Yaşamı yenilenme, umut etme üzerinden anlatabilmekten konuşuyorsak eğer,  bu bana fazlasıyla değerli ve üst bir şey olarak geliyor. Ben halen felâketlerin, sıkışıp kalmaların hisleriyle boğuşurken geçen öyküler biriktiriyorum ve onları yazmak istiyorum.  Henüz daha üst diye gördüğüm o seviyede değilim, bundan uzağım, farkındayım.

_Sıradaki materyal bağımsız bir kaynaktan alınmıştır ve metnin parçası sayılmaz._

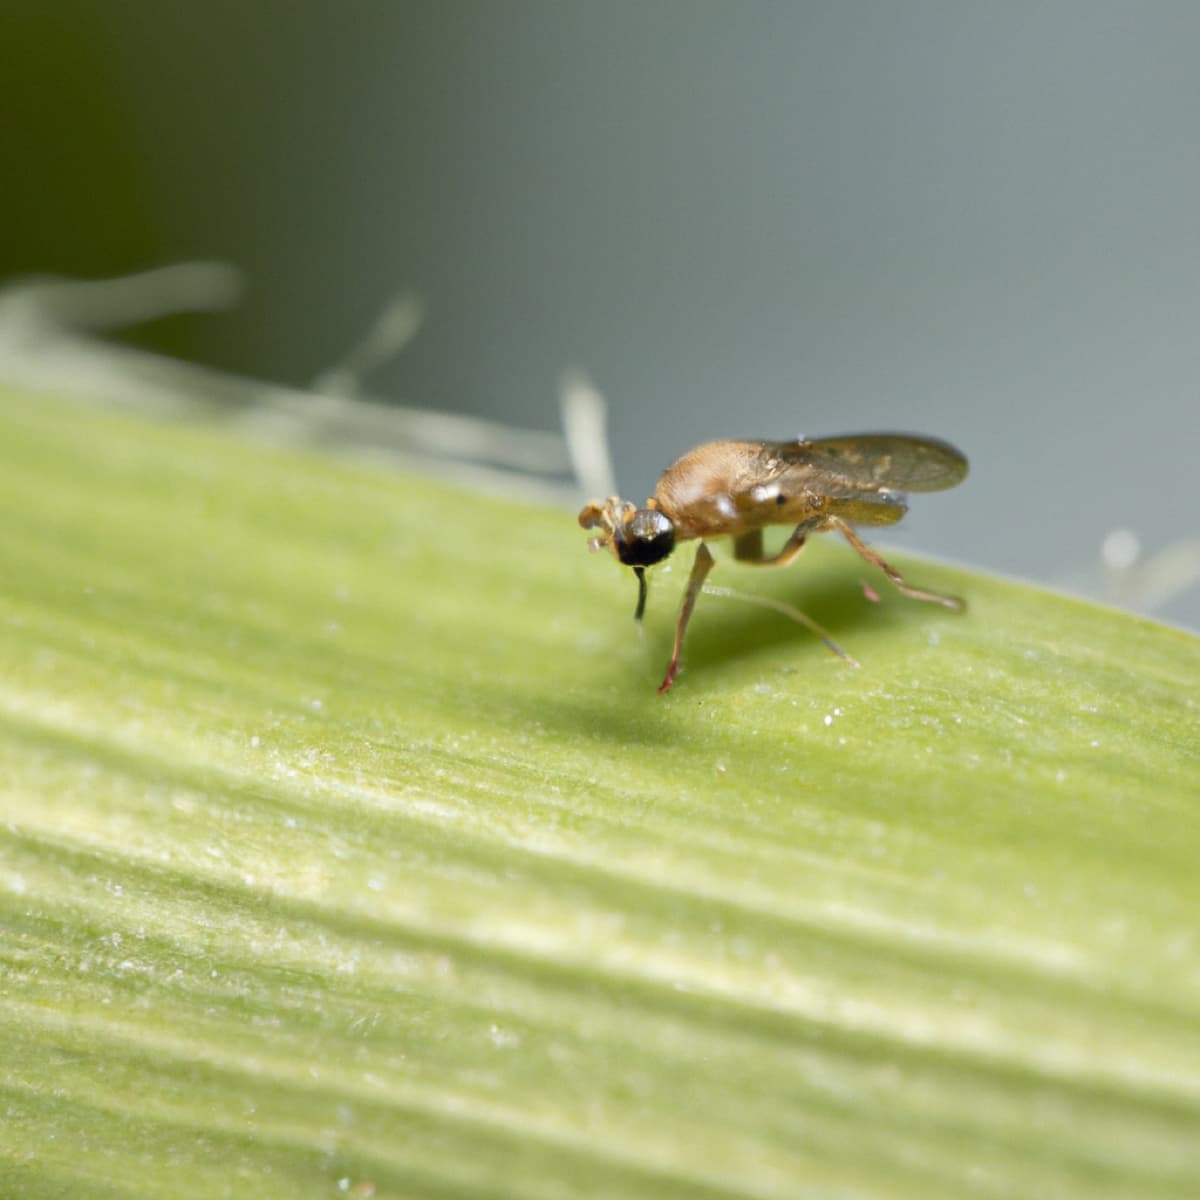 Maize Shoot-fly Pest
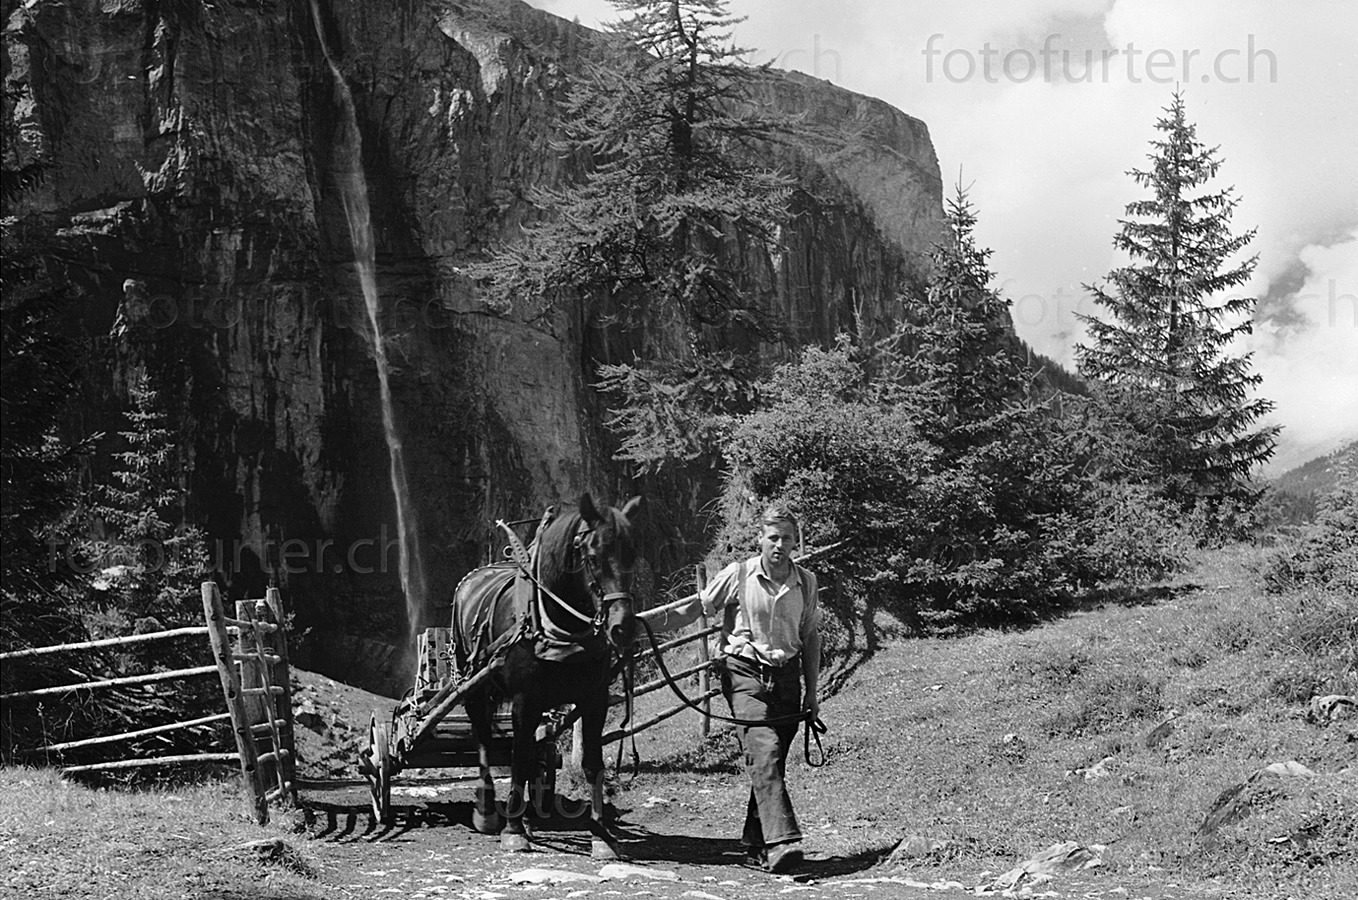 Pferd neben Bauer vor Wasserfall im Berner Oberland, historisches Archiv von Foto Furter

Geleceğin öykülerini düşününce, yapay zekayla olan, olacak olan münasebetimizi epey merak ediyorum. Benim ona dair hislerim gelgitli. Burada bir okula kayıtlıyım  ve yapay zekayı ödevlerde nasıl kullanabileceğimize dair yeni bir yönetmelik geldi. Onu madde madde okurken gelecek bu işte, geldi bile, diye düşündüm, çoktan aramızda. Varoluşumuzu, yeteneklerimizi, mesleğimizi nasıl yeniden yapılandıracağız, kendi değerimizi yapay zeka karşısında nasıl yeniden yaratacağız bilmiyorum. Bunun içine doğan çocuklarımızın yaşamı kim bilir bizden ne kadar farklı olacak, bu hem çok ilginç hem de ürkütücü geliyor.  Tüm bunlar edebiyata nasıl yansıyacak, tüm bu değişiklikleri merakla, heyecanla (ve bazen de korkuyla) bekliyorum.